WORK INSTRUCTION: Excluding all pictures, please output the listing exactly.

SUPPLIED MATERIAL:
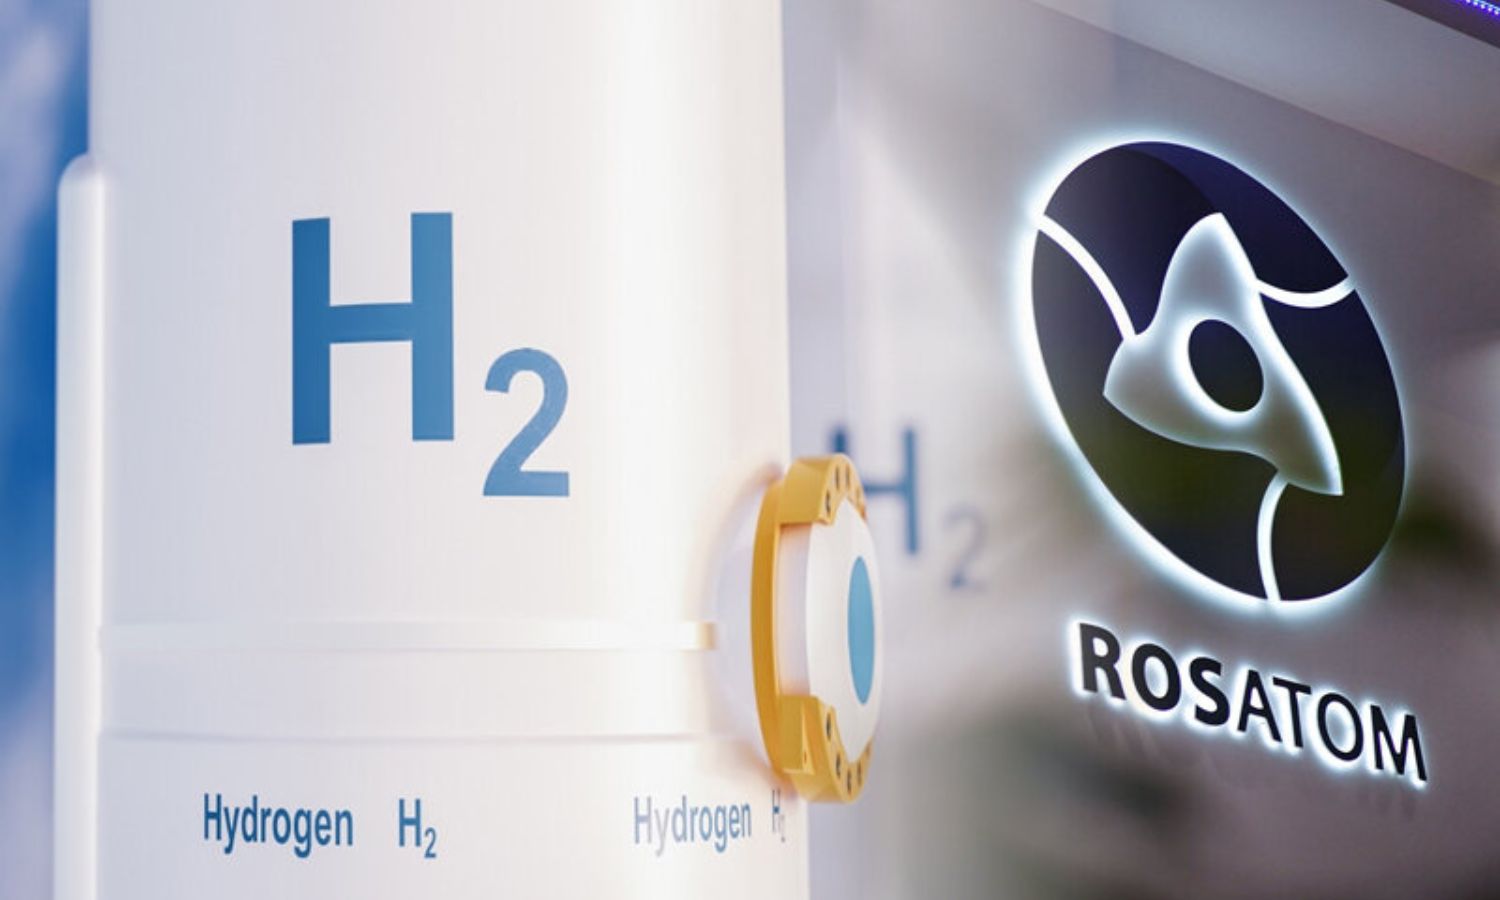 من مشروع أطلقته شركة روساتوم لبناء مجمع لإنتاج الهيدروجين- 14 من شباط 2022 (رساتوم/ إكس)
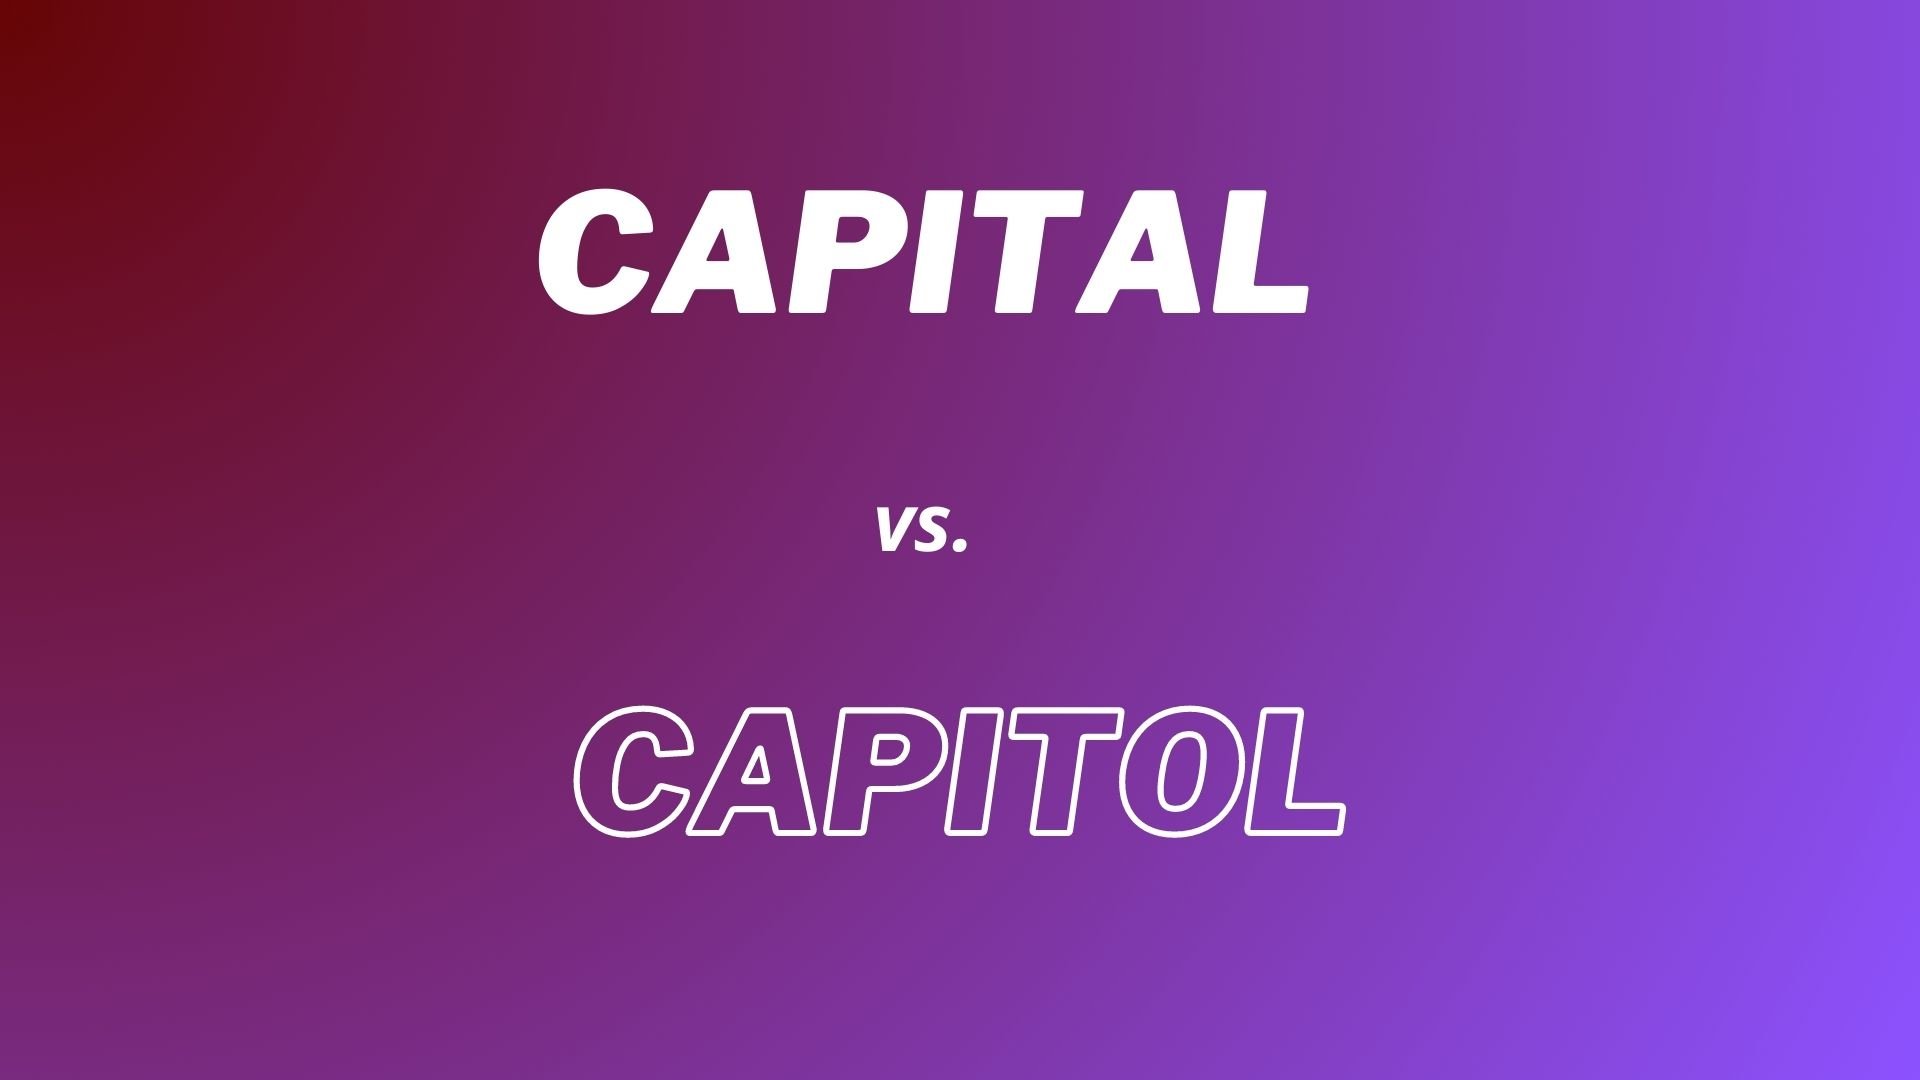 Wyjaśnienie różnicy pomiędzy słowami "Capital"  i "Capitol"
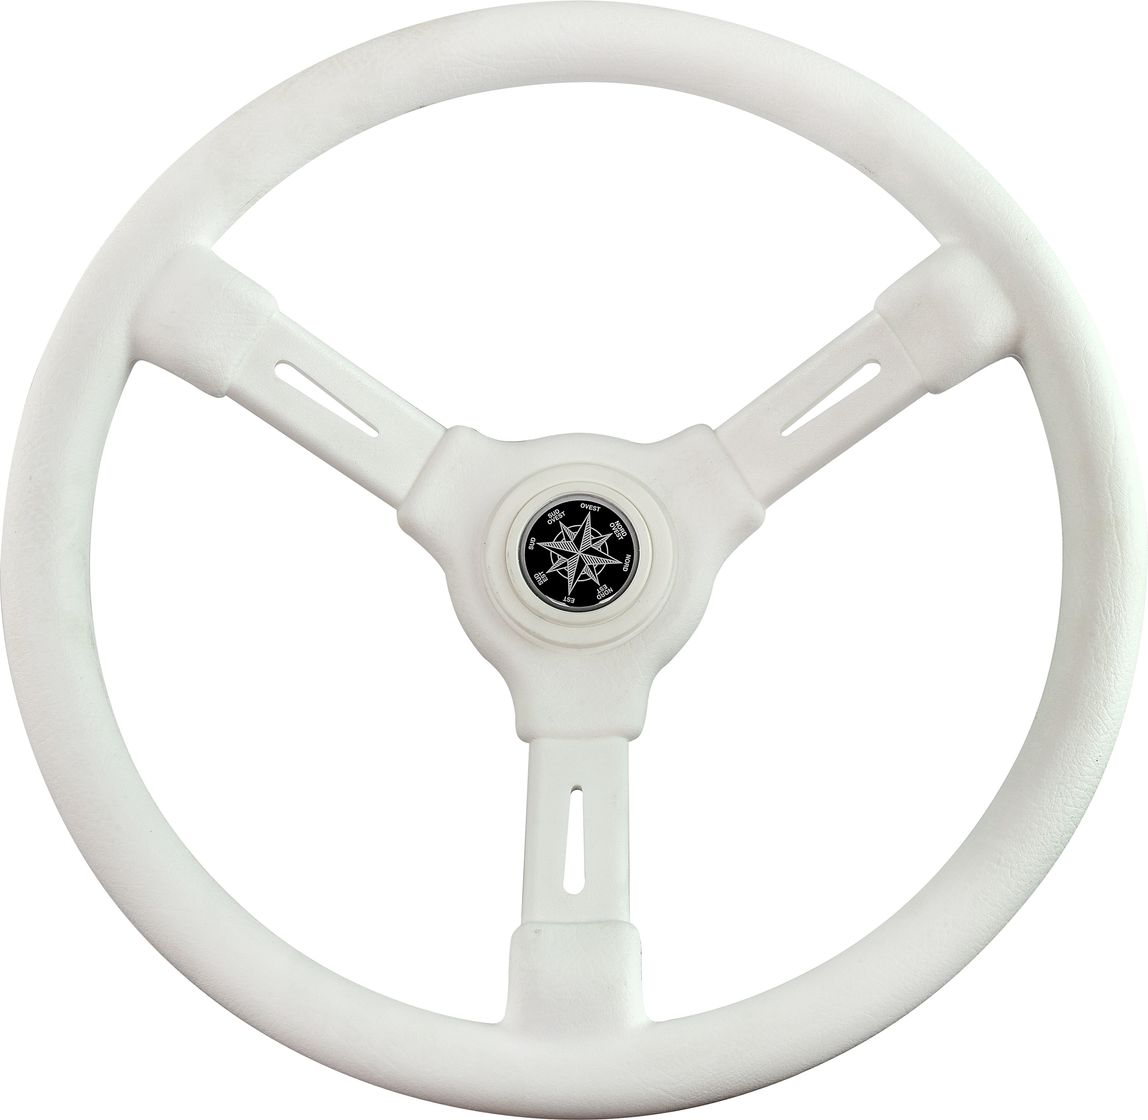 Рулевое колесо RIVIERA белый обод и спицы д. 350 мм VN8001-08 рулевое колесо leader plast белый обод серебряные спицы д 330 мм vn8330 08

ANSWER:
 من مشروع أطلقته شركة روساتوم لبناء مجمع لإنتاج الهيدروجين- 14 من شباط 2022 (رساتوم/ إكس)
 Wyjaśnienie różnicy pomiędzy słowami "Capital"  i "Capitol"
 Рулевое колесо RIVIERA белый обод и спицы д. 350 мм VN8001-08 рулевое колесо leader plast белый обод серебряные спицы д 330 мм vn8330 08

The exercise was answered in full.